Na realidade, a nova lei vai trazer imensa rotatividade de mão-de-obra, anulando qualquer progresso do trabalhador, no que se refere a melhoria salarial. Nem sequer obterá treinamento nas empresas, pela precariedade de sua contratação. E é sabido que o trabalhador, quase sempre, é preparado profissionalmente nas empresas, porque Senai e Senac não têm capacidade para atender à demanda, ainda mais agora que lhe vão capar parte de sua arrecadação.

 

Quando se implantou o FGTS, a estabilidade então existente para a regra e o Fundo a exceção. Hoje a situação é inversa. Ninguém fala mais em estabilidade, embora a previsão no inciso I dos arts. 7º da CF.

 

O futuro vai mostrar os resultados dessa lei na desorganização do trabalho.

 

Claro que a CLT, démodé e retrógrada, merecia uma ampla desregulamentação, porque é um dos fatores de emperramento do progresso nacional e responsável pelo alto custo Brasil.

 

Mas não se pretendeu nunca acabar com o trabalho organizado.

 

Não se está criando o trabalho temporário e sim o desemprego permanente.

 

As cooperativas de mão-de-obra já são uma fraude ao princípio da contratualidade.
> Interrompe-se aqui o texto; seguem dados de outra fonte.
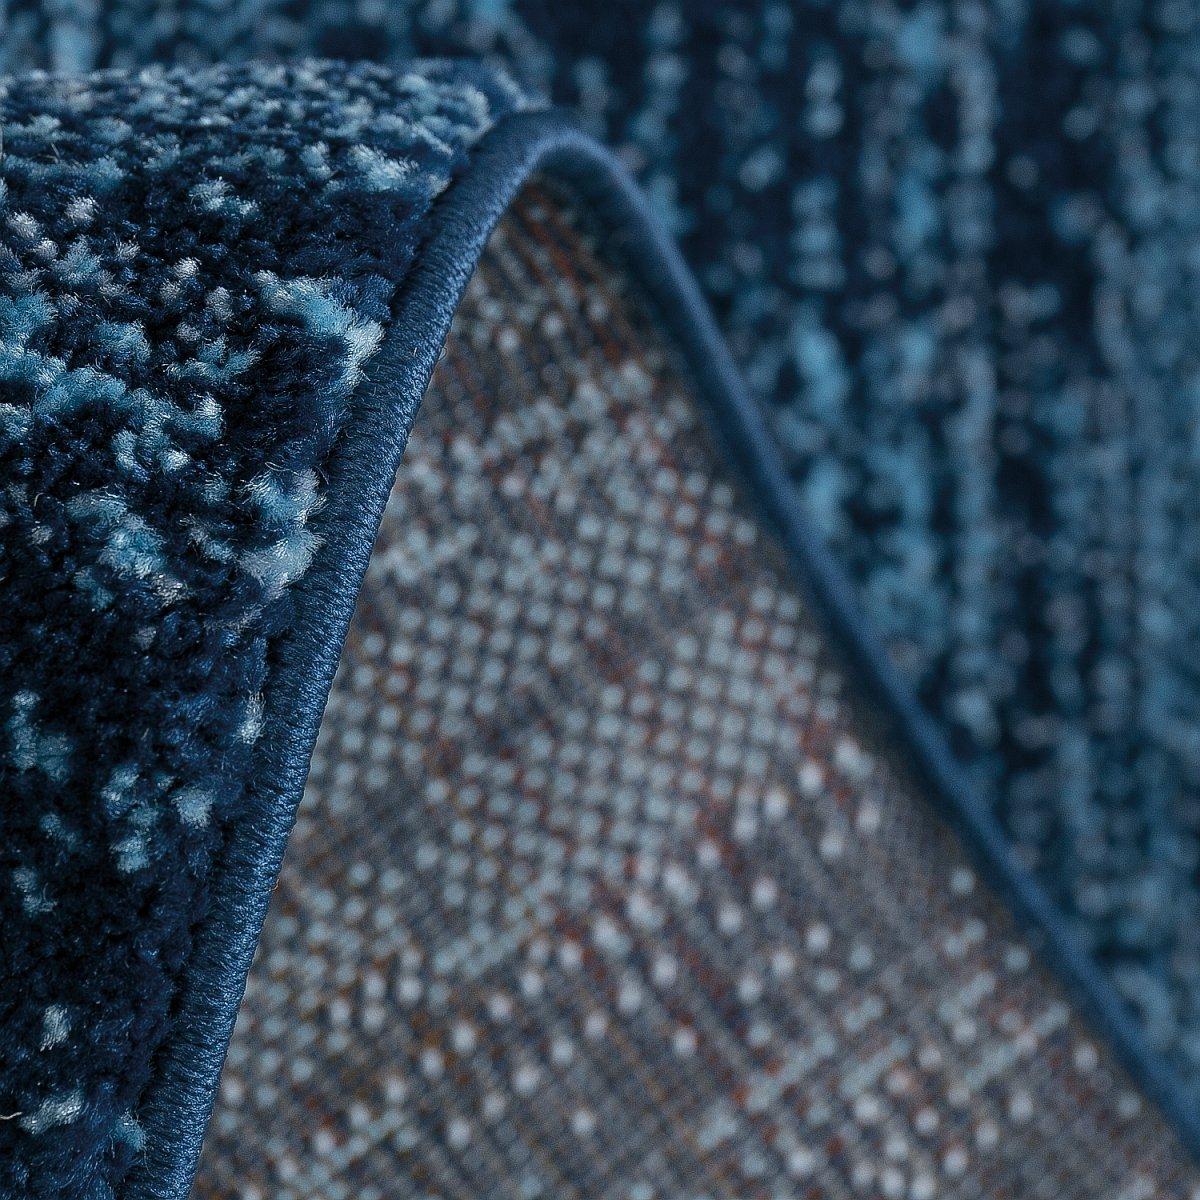 Teppich Kurzflor Kurzflor Kurzflor Wohnzimmer Meliert Mehrfarbig Beige, Braun, Türkis, Grau, Blau, Türkis-Grau, Rosa, Grün, Pflegeleicht Robust Qualität - VIMODA, Farbe Grün, Maße 120x170 cm B073CM63Q6 Teppiche c97f66

Agora, o que se vai ver é a inexistência de um quadro efetivo, mas sim o quadro temporário. Alegou-se que a lei prevê regras que não permitirão o fim do quadro efetivo. Mas a legislação prevê também o registro do empregado, o pagamento da previdência social, a inexistência do trabalho do menor e um sem-número de outras obrigações que são simplesmente ignoradas, porque o Ministério do Trabalho e igualmente o da Previdência não possuem fiscalização suficiente. E há ainda o famoso ‘‘jeitinho brasileiro’’ para fraudar tudo.

 

O trabalhador via ser admitido com um determinado salário e, em um mercado oferecido de mão-de-obra, será este sempre o seu salário. O progresso salarial não será um horizonte promissor para o trabalhador.

 

Os exemplos do novo sistema, onde foi adotado, não são encorajadores. Alemanha, França, Espanha, etc., estão com um fantástico contingente de desempregados. Quem viver verá.